__RECORDS PROVIDED__.
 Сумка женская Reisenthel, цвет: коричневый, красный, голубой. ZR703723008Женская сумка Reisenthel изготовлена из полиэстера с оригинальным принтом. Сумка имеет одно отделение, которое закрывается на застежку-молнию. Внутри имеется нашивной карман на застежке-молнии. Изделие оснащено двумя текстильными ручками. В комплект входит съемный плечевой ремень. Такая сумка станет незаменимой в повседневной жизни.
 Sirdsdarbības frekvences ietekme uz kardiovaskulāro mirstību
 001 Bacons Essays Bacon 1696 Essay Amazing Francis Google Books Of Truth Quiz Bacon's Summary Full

==

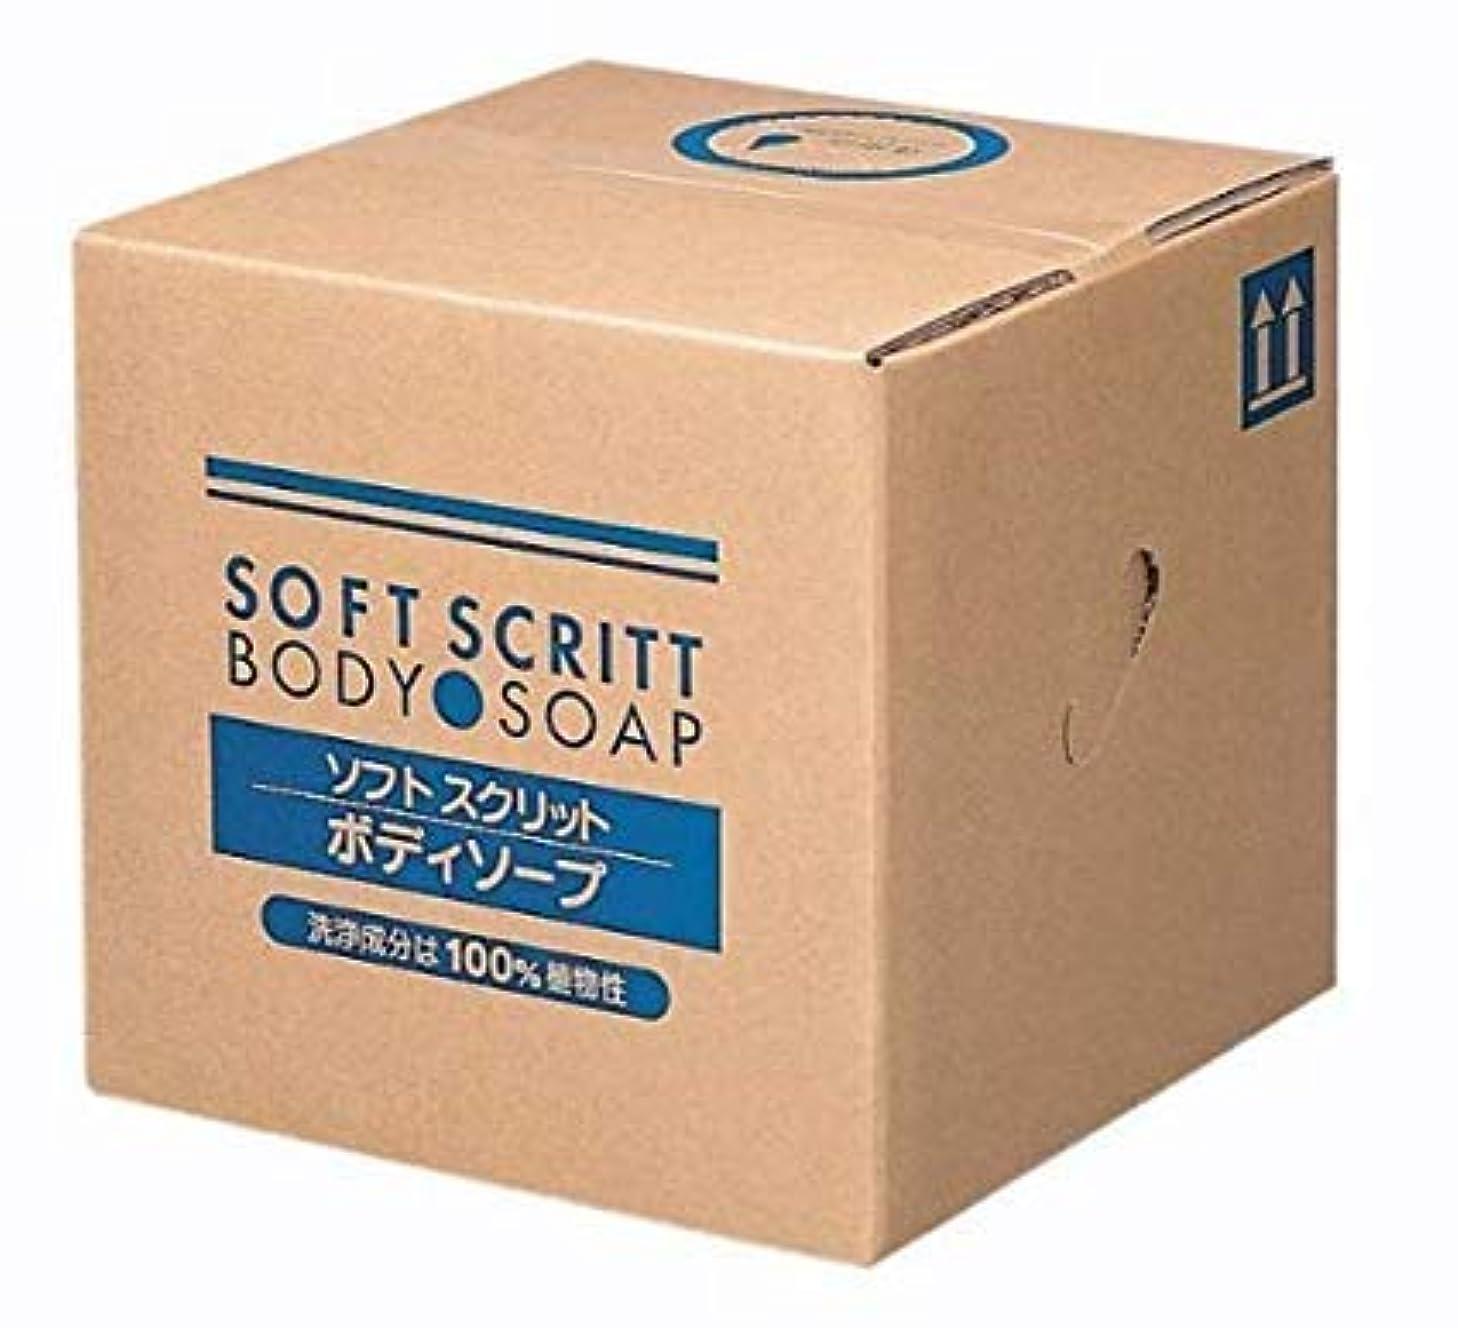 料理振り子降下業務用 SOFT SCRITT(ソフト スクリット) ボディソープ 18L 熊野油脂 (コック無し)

__EXERCISE OBJECTIVE__.
From the data above, output exactly the lines between the one containing "Сумка женская Reisenthel, цвет: коричневый, красный, голубой." and the one containing "001 Bacons Essays", counting both of them.

__RESULT OF THIS TASK__.
 Сумка женская Reisenthel, цвет: коричневый, красный, голубой. ZR703723008Женская сумка Reisenthel изготовлена из полиэстера с оригинальным принтом. Сумка имеет одно отделение, которое закрывается на застежку-молнию. Внутри имеется нашивной карман на застежке-молнии. Изделие оснащено двумя текстильными ручками. В комплект входит съемный плечевой ремень. Такая сумка станет незаменимой в повседневной жизни.
 Sirdsdarbības frekvences ietekme uz kardiovaskulāro mirstību
 001 Bacons Essays Bacon 1696 Essay Amazing Francis Google Books Of Truth Quiz Bacon's Summary Full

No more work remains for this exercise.